I think the following is what I need.

Code: Select all

<?php
if (isset($_COOKIE['PHPSESSID']) {
   session_start();
}
?>
Is this secure?

Thx
Gen-ik
DevNet Resident
Posts: 1059
Joined: Mon Aug 12, 2002 7:08 pm
Location: London. UK.

Post by Gen-ik »

As soon as the browser is closed the session will be erased, so the only way you are going to be able to do this (why do you want to do this anyway?) is to store a cookie on the clients machine with the session details in it. That way you can simply check if the cookie exists.. as long as the client can except cookies, and as long as they don't delete them.

But a session is a exactly what it sounds like, a session, it's only designed to last until the client closes their browser or until it times out.

For perminant stuff either use cookies or store info in a database.
Recoil UK
Forum Newbie
Posts: 23
Joined: Sat Jul 12, 2003 5:59 pm

Post by Recoil UK »

Hi

Yeah I know that as soon as the browser is closed, the session will be erased.

What i,m trying to do, is create as custom session handler that changes the sessionid on each page request.

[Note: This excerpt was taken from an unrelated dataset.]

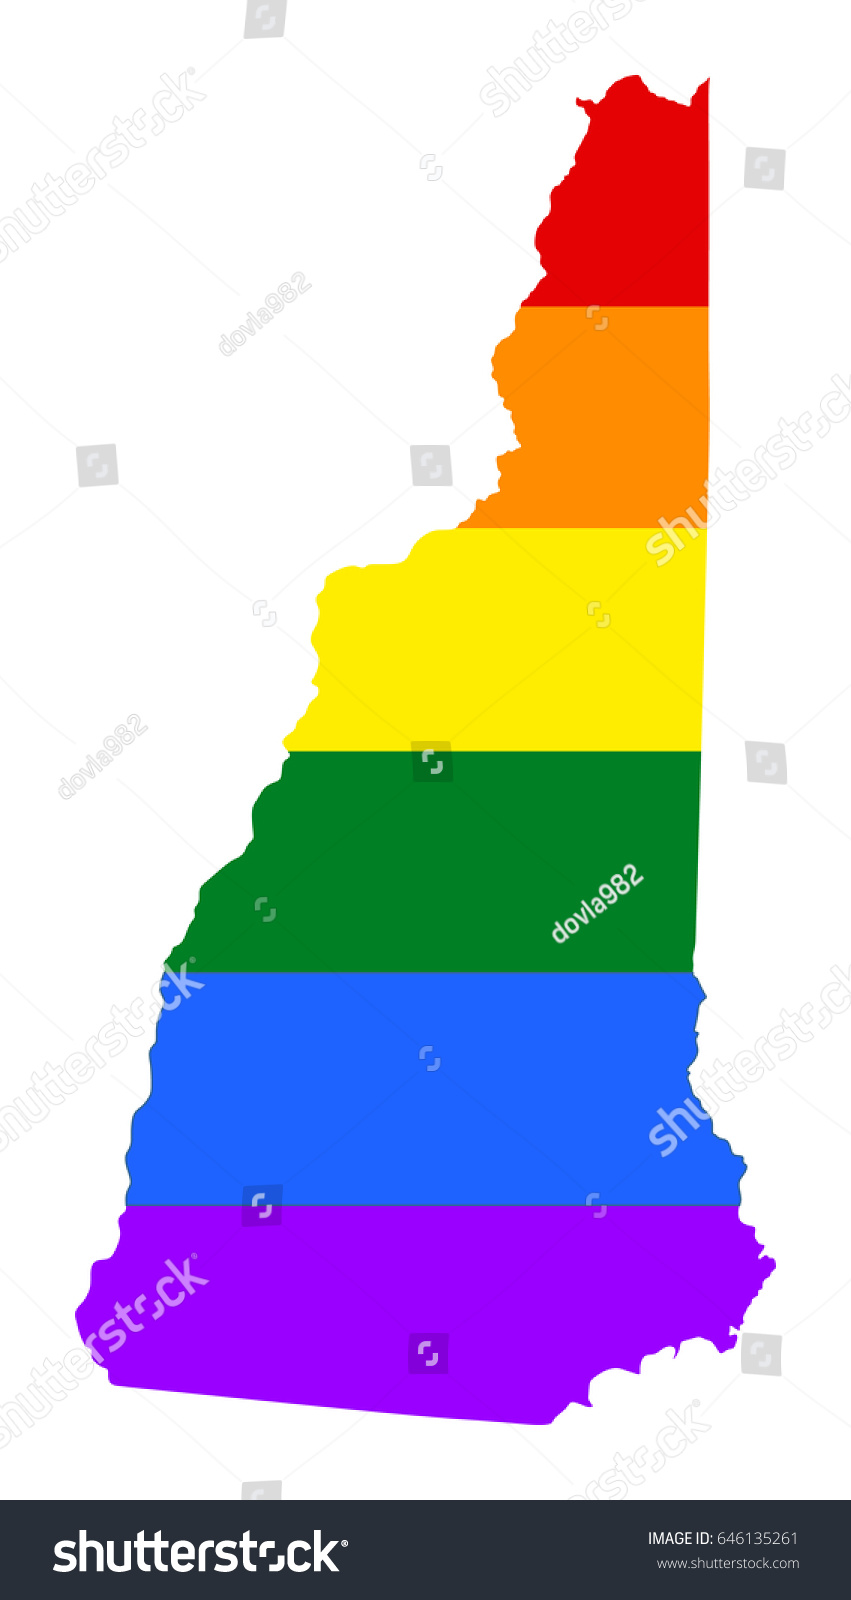 New Hampshire pride gay map with rainbow flag Royalty Free Stock

The user also will not be a getting the real sessionid they will be getting one that is added to a randomly generated number

The purpose of this is protect myself against cookie tampering.

Thx
Recoil UK
Forum Newbie
Posts: 23
Joined: Sat Jul 12, 2003 5:59 pm

Post by Recoil UK »

Hi again
As soon as the browser is closed the session will be erased, so the only way you are going to be able to do this (why do you want to do this anyway?) is to store a cookie on the clients machine with the session details in it.
Well, i,m already checking to see if the cookie exists by using the isset command above.

Thx
Gen-ik
DevNet Resident
Posts: 1059
Joined: Mon Aug 12, 2002 7:08 pm
Location: London. UK.

Post by Gen-ik »

The purpose of this is protect myself against cookie tampering.
How?

If someone wants to edit a cookie they can simply open their cookie folder and change what they like. Changing the session id won't protect cookies because the user can check the date of the last cookie added/updated.

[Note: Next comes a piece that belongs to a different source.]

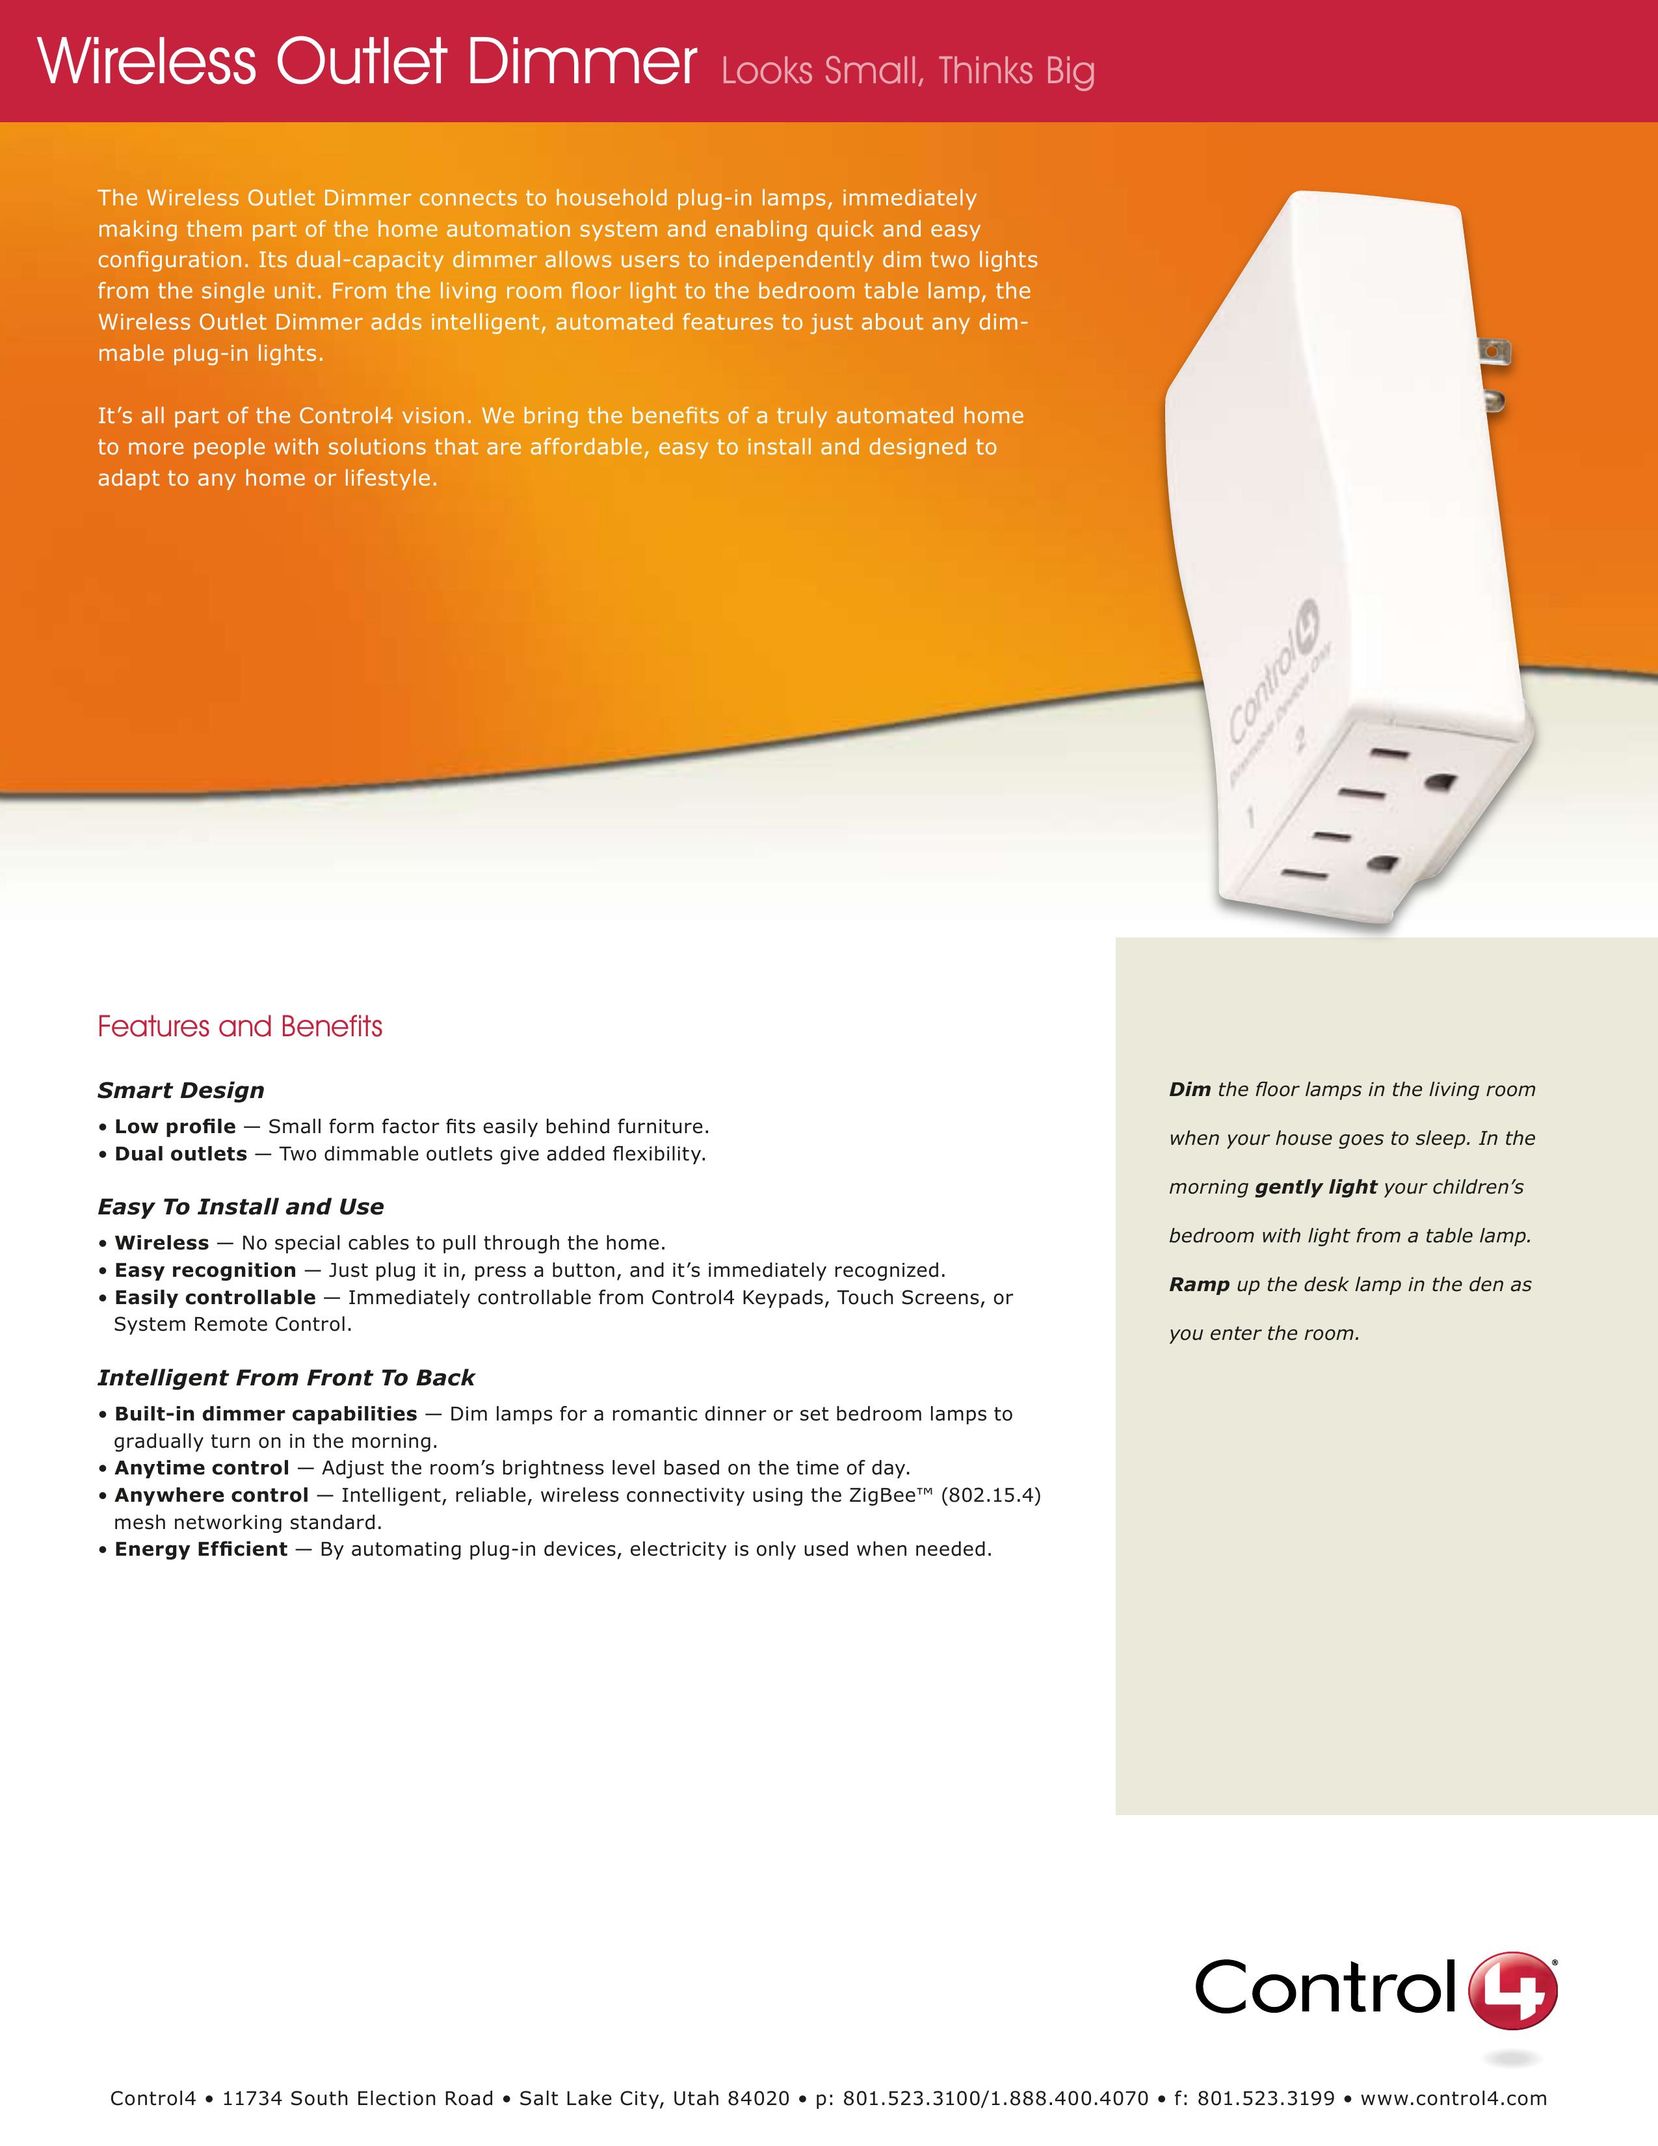 Control4 Wireless Outlet Dimmer Indoor Furnishings User Manual

Do you mean you are trying to protect the session(s) to prevent 'session hijacking'?
Recoil UK
Forum Newbie
Posts: 23
Joined: Sat Jul 12, 2003 5:59 pm

Post by Recoil UK »

Hi

Well yeah, it will be to protect session hijacking, but as sessions use a cookie, albeit, a cookie held in memory, my example is correct.

Using this method, I believe it will be impossible for some to alter the cookie, without me knowing, thereby destroying the session.

Ofcourse, I still wont be able to protect against someone, not logging out or not closing there browser on a public PC, but its a start.

L8rs
Recoil UK
Forum Newbie
Posts: 23
Joined: Sat Jul 12, 2003 5:59 pm

Post by Recoil UK »

Hi guys

Ok, i,ve written 2 scripts(well borrowed one and added a second) for my attempt at more secure sessions......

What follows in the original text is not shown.